WHAT TO WORK ON:
Please retype the listing below exactly as it stands, skipping any pictures.

DATA PROVIDED:
........
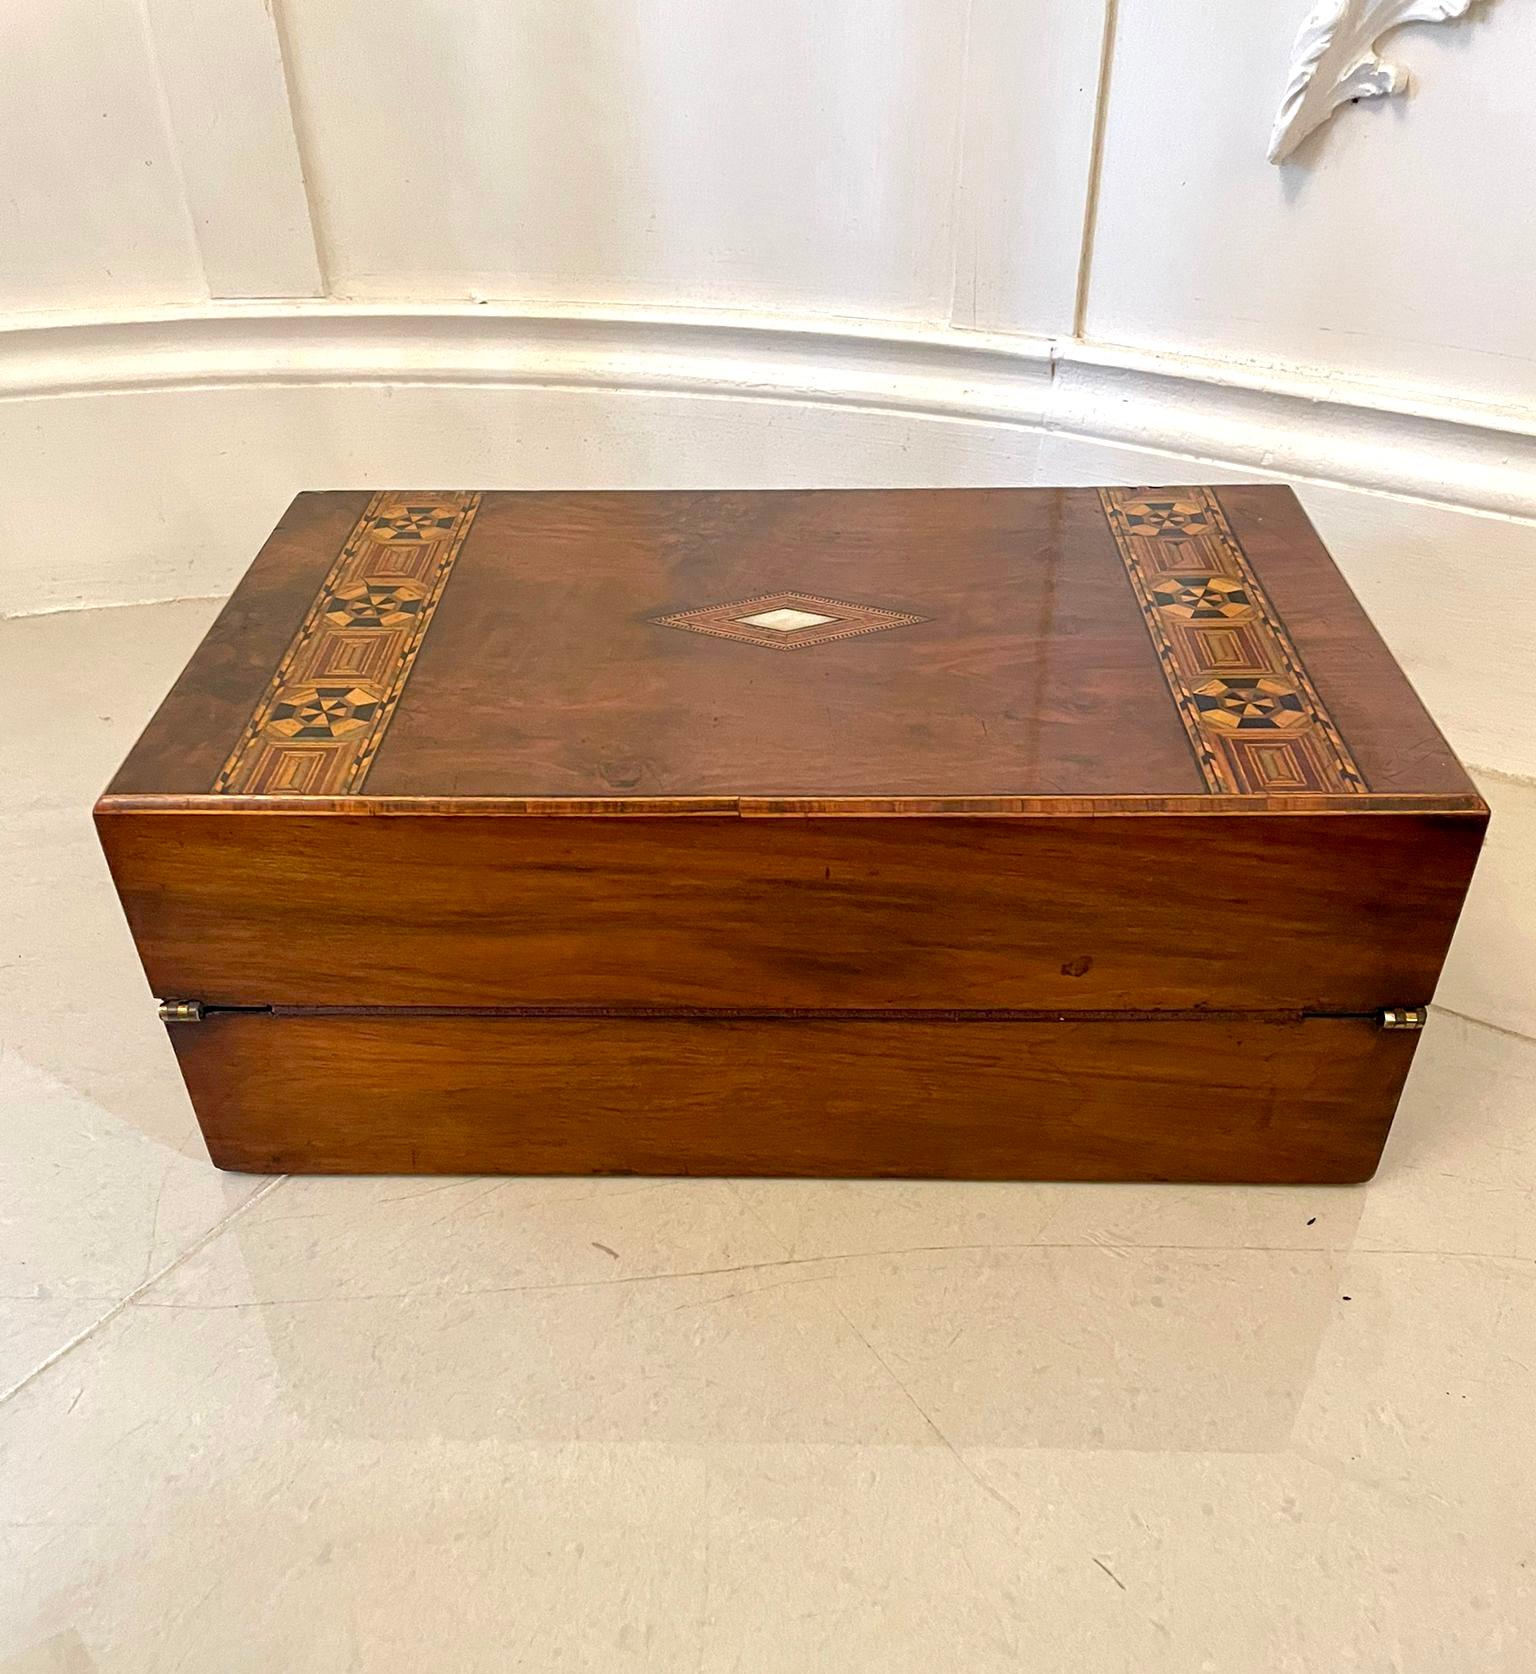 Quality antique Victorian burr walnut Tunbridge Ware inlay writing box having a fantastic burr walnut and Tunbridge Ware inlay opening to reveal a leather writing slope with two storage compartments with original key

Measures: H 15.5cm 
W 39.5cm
........
SOLUTION:
 Quality antique Victorian burr walnut Tunbridge Ware inlay writing box having a fantastic burr walnut and Tunbridge Ware inlay opening to reveal a leather writing slope with two storage compartments with original key

Measures: H 15.5cm 
W 39.5cm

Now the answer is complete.